Roy Seligman is LCIS’ first national spelling champion
It was a nail-biting experience that saw Roy Seligman do battle with four people in the Bahamas Association of Independent Secondary Schools (BAISS) Spelling Bee championship to claim the third and final spot to advance to the National Spelling Bee championship.
A tie-breaker really got him the last slot for the nationals. Last Sunday the slate was wiped clean, and all spellers, no matter where they finished, started out level once again in the battle for the national title. In the final analysis, Roy topped the field to earn the right to represent The Bahamas at the Scripps National Spelling Bee.
Roy, a Lyford Cay International School (LCIS) 10-year-old fourth grade student correctly spelt the word “queendom” — a word he had seen prior to the competition and which means the state or territory ruled by a queen.
He is LCIS’ first spelling bee champion.
He will participate at Scripps May 26-31 in Washington, D.C., an all-expense-paid trip as a part of his prize package, along with $750 spending money, a laptop, a one-year subscription to the Encyclopedia Britannica, the Samuel Louis Sugarman Award ($100 U.S. savings bond) and a watch.

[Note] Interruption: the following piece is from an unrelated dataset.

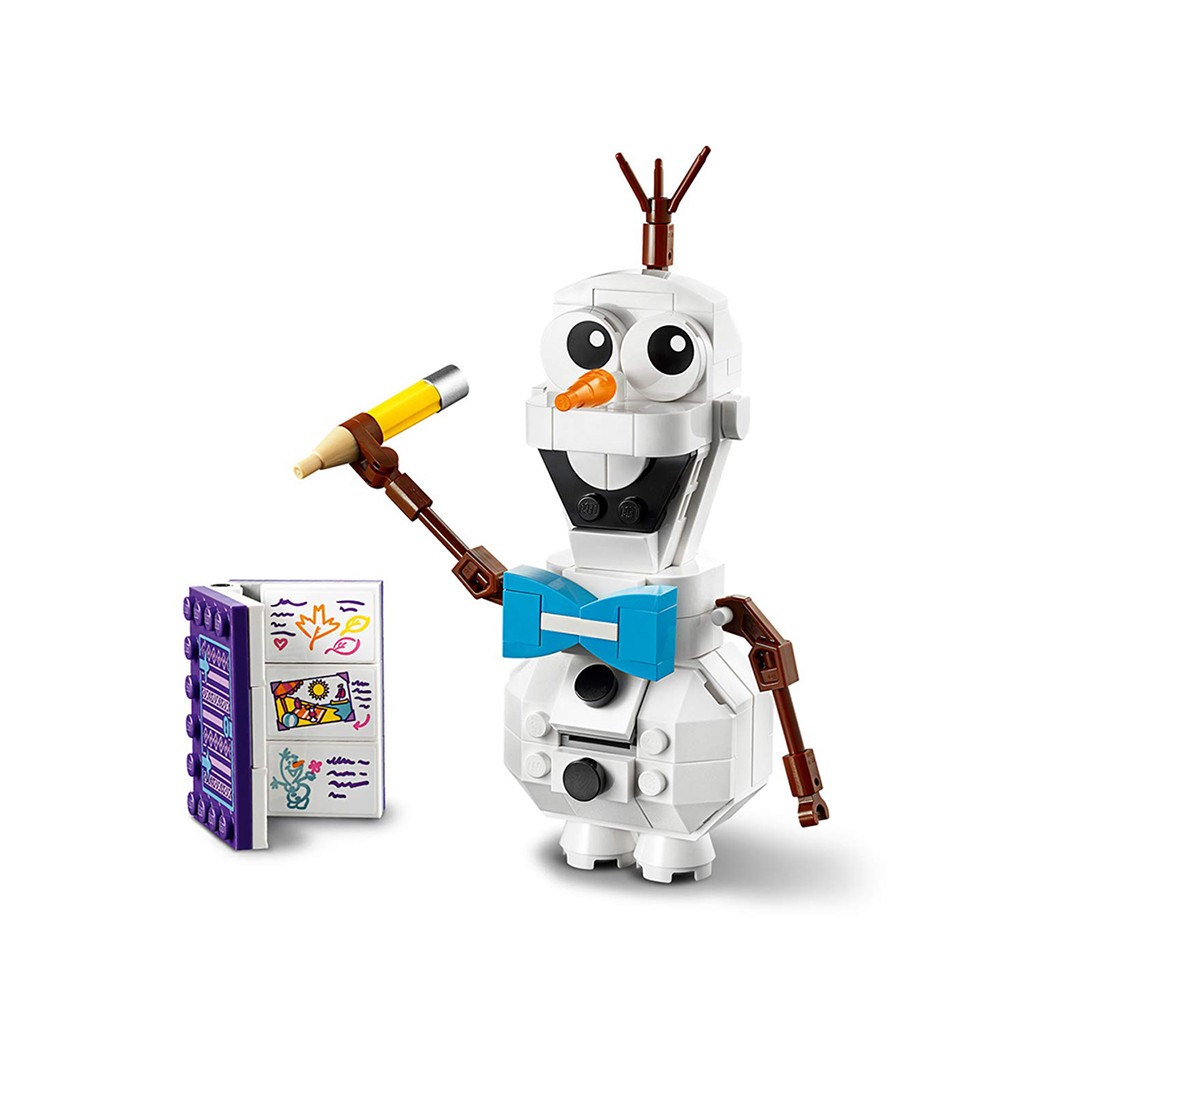 Lego Disney Frozen 2 Olaf 41169 Blocks for Kids age 6Y+ 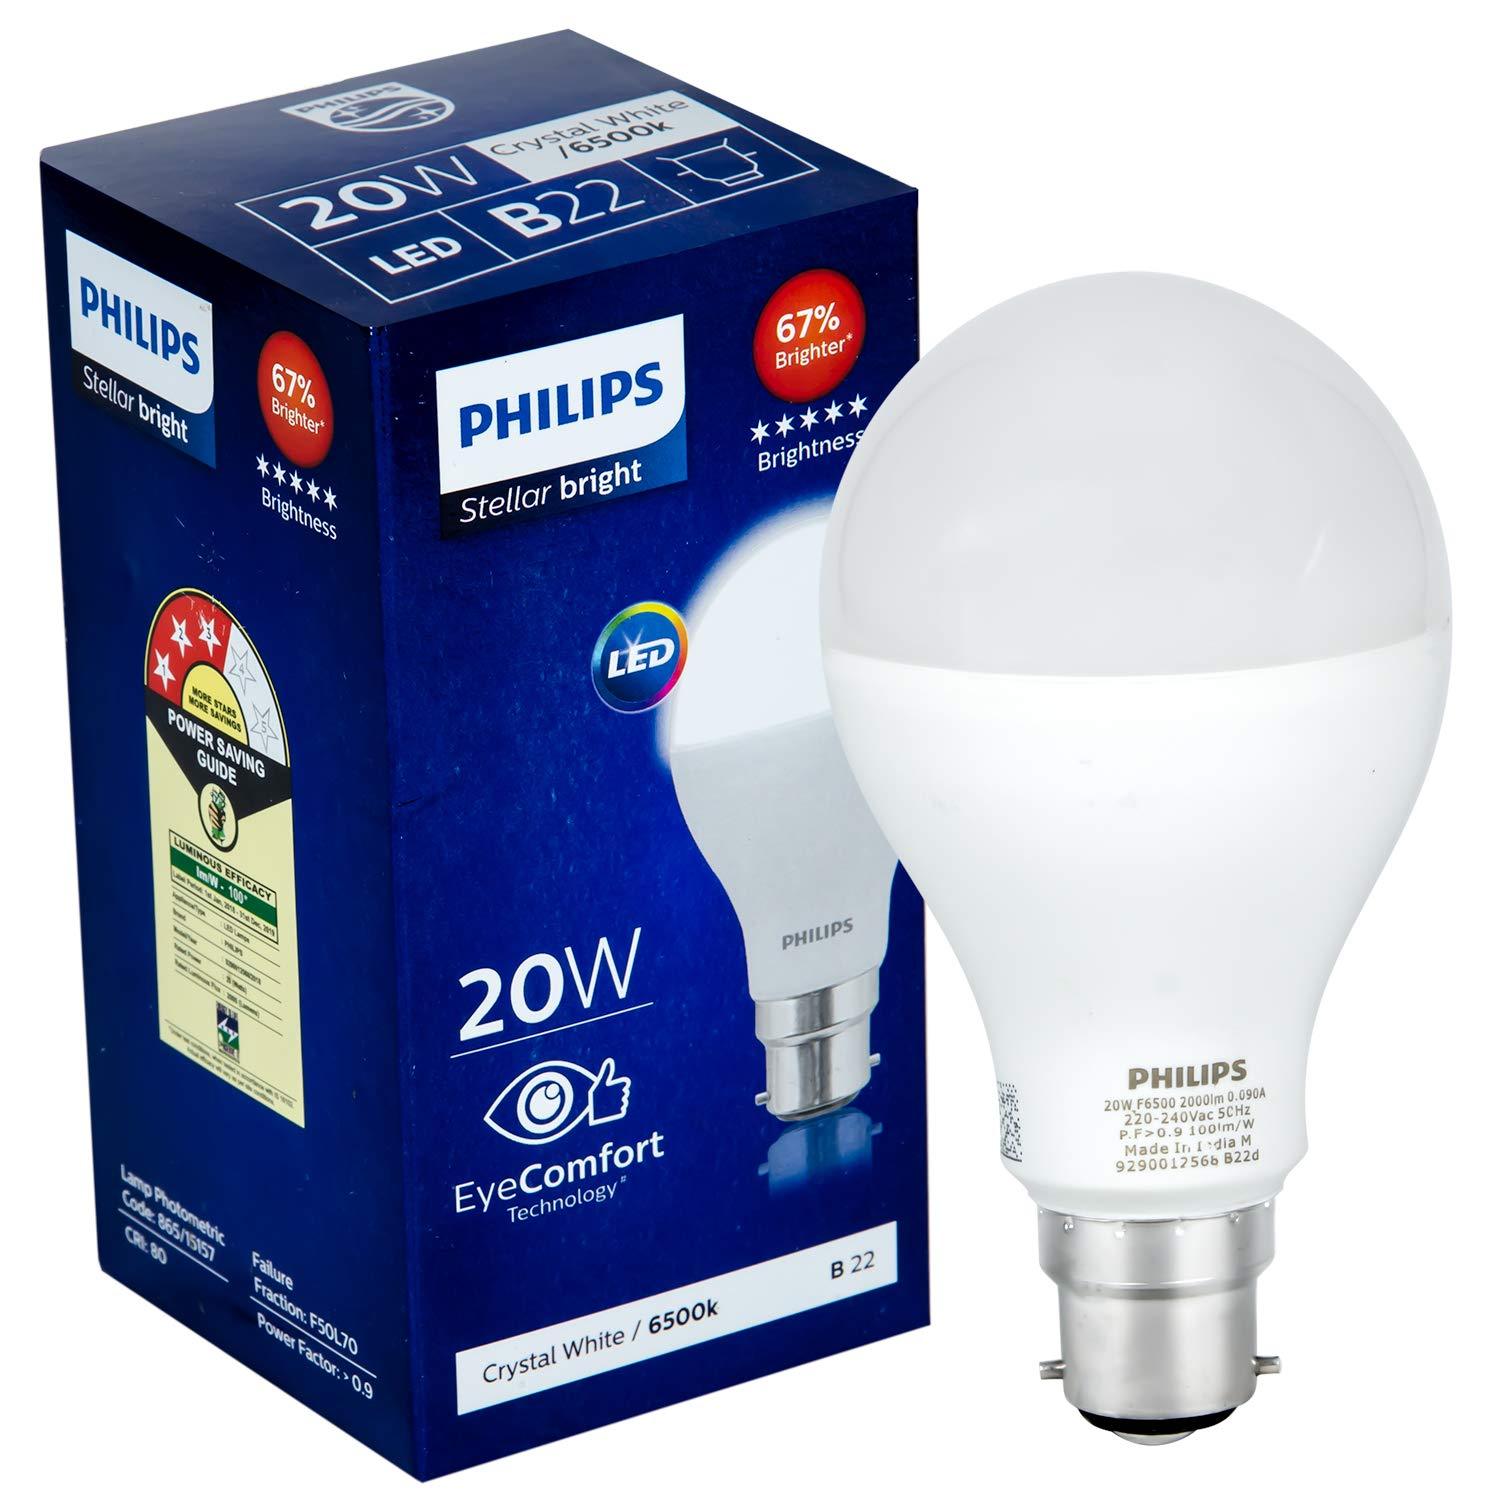 Philips Stellar Bright 20-Watt B22 LED Bulb (Cool Day Light/Crystal White), Pack of 1-LED Light Bulbs-dealsplant

“It feels amazing,” said Roy of his win.
Kevin Williams, 11, a fifth-grade student at Yellow Elder Primary School, was second; Arjun Shetty, 13, a Queen’s College eighth grade student, was third.
Kevin and Arjun will also travel to Washington.
“It makes me feel happy, and I’m proud to represent The Bahamas,” said the son of Arthur and Nuala Seligman.
His journey to become the country’s spelling champ began in his class at LCIS, as all students from fourth through eighth grade had to participate in the spelling competition.
At the class level he won with the word “youthful”; and then correctly spelled “antecedence” at the schoolwide level, to advance to the BAISS competition, where he claimed the third spot to compete for the national title in a nail-biter.
Roy’s win was also the first academic glory for LCIS competing in the BAISS, which the school joined in 2018, but had competed predominantly in sports; 2019 was their first year competing in an academic competition. They were previously a part of the independent schools body, which is comprised of smaller independent schools like Windsor, Meridian and Akhepran Academy, according to Katina Seymour, LCIS’ PYP coordinator, responsible primarily for the curriculum and supervision of the elementary school and the early learning center.
To prepare for nationals Roy said he studied a lot, and logged approximately two to four hours every day with Seymour, who was also his coach. He said his mom helped as well.
The first champion to come from the Lyford Cay School said he has been receiving congratulations from all quarters since he returned to school last week Monday, and his proud parents treated him to his favorite Hershey’s chocolate bar.
Roy says he’s a good math student who likes literacy as well, which he said is why he likes the spelling bee.
To prepare for Scripps he says he wants to go back to the root words so he can figure out words he hadn’t seen before. On April 10 he anticipates receiving the study list for the first round so that he can start calling and learning them.
He’s also excited he will get to visit Washington for the first time.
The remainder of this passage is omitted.